The energy in capacitor = 0.5 x C x V^2
If voltage falls from V1 to V2 then the energy extracted =
0.5 x C x V1^2 - 0,.5 x C x V2^2
= 0.5 x C x (V1^2 - V2^2)
[= for interest : 0.5 x (V1-V2) x (V1+V2)

If Vcap falls by a factor of 4 from Vstart to Vstart/4
E total = 0.5 x C x Vs^2
Energy fro Vs to Vs/4 extraction = 0.5 x C x Vs^2(1-1/16)
= 15/16ths of available energy = most of it.
ie for voltage falling to 1/nth of initial the energy left is Eoriginal x 1/N^2.
This means that say V falling from 12v to 4V (N=3) means only 1/9th is left.
Even for V falling from say 10V to 5V, N=2. Energy left = 25%. Energy used = 75%!


With a Buck converter:

This assumes that Vcap falls to Vout+Vdropout.

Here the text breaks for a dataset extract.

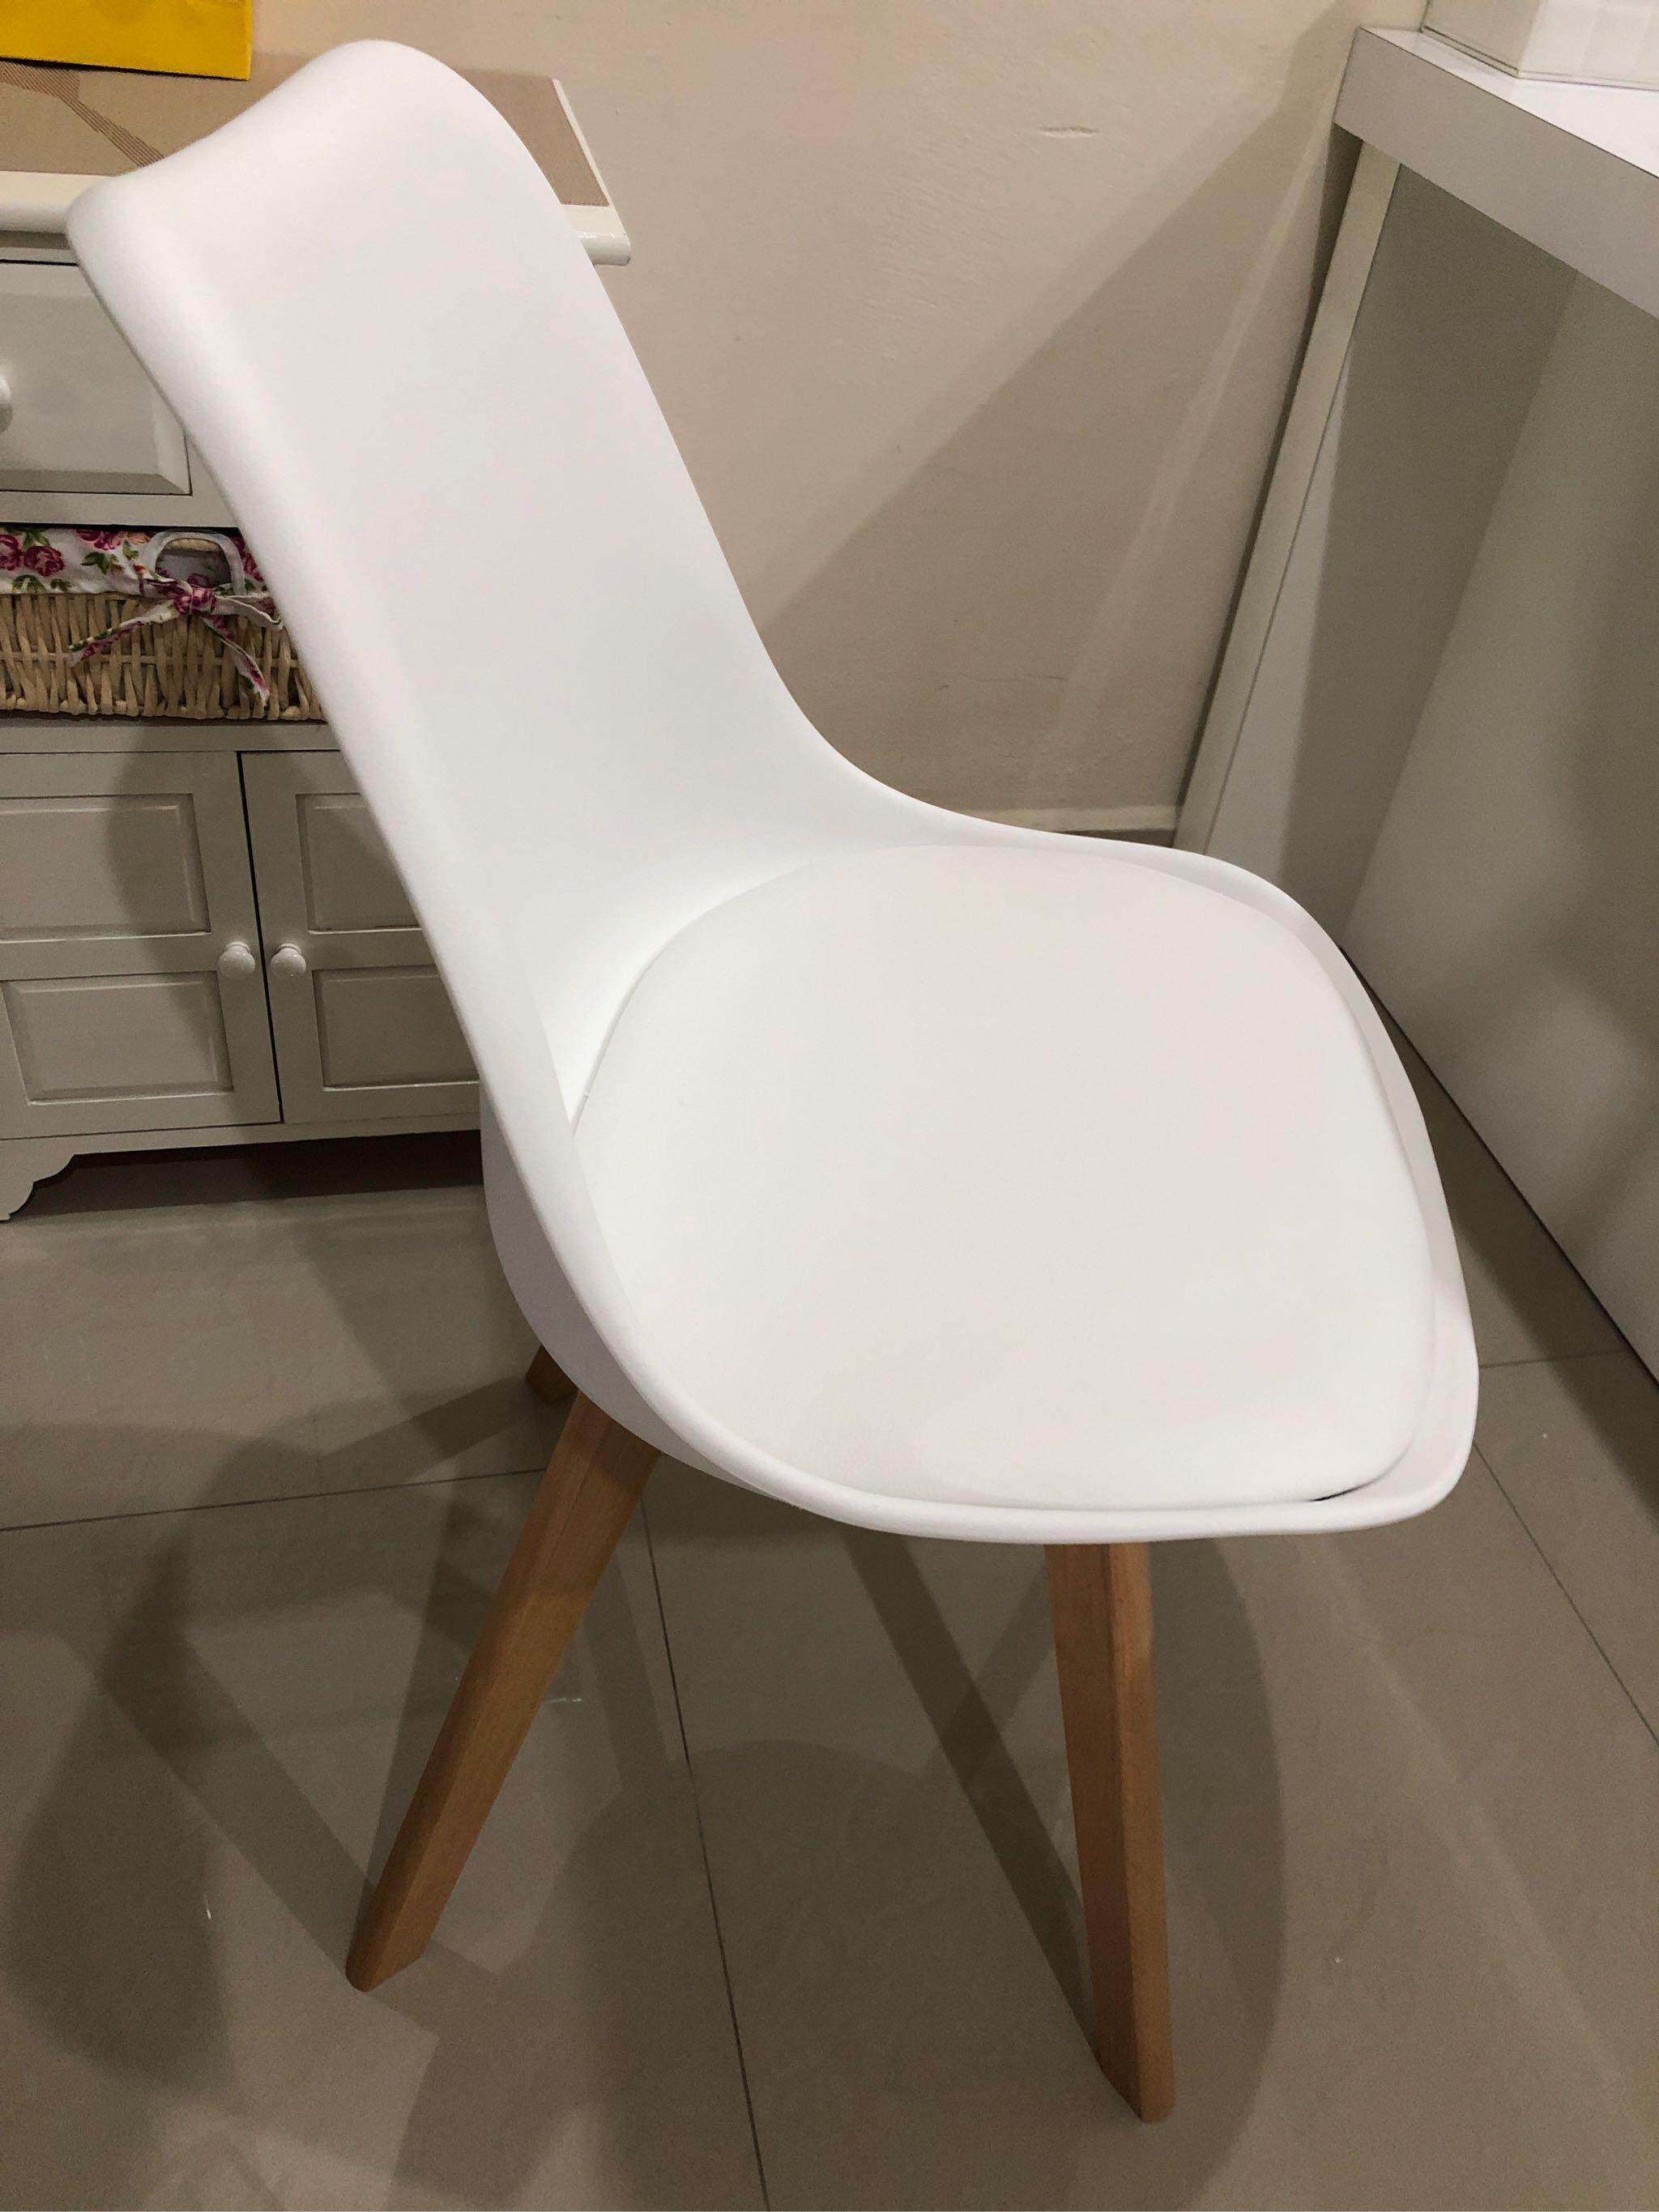 EAMES CHAIR WITH PU SEAT

The equations below also work for a buck-boost converted with Vcap < Vout. For a buck-boost converter Vcao can fall to below Vout.
Efficiency in boost mode is usually lower than buck efficiency and usually falls further as Vcal gets very low. As for Vcap = Vinial/4 remaining energy is only 1/16th of initial , there is not usually great advantage in using very low cap voltages.
even for eg 5V6 to 3v3 Out + 0.2 V dropout, remaining energy at the start of boost mode is only 40% of initial. For say 10V to 3.3 + 0.3 remaining efficiency is only 12% of initial.

Energy available = total capacitor loss x efficiency.
0 < efficiency < 1 -> usually in the 0.7 - 0.9 range.
In the following calculations efficieny is assumed as 100%.
Scale answers down linearly by actual efficiency - say start with 0.8 as typical.
Real world efficiencies of some converters can be in the 0.90 - 0.95 range (or even better) BUT this is usually across a restricted load and Vin/Vout range. Starting at 80% and increasing if a "sweet spot" can be managed for a given application is less liable to lead to disappointment.

Assume regulator has NO dropout voltage. Assume regulator proper is 100% efficient . Energy will be lost as heat when voltage drops across regulator.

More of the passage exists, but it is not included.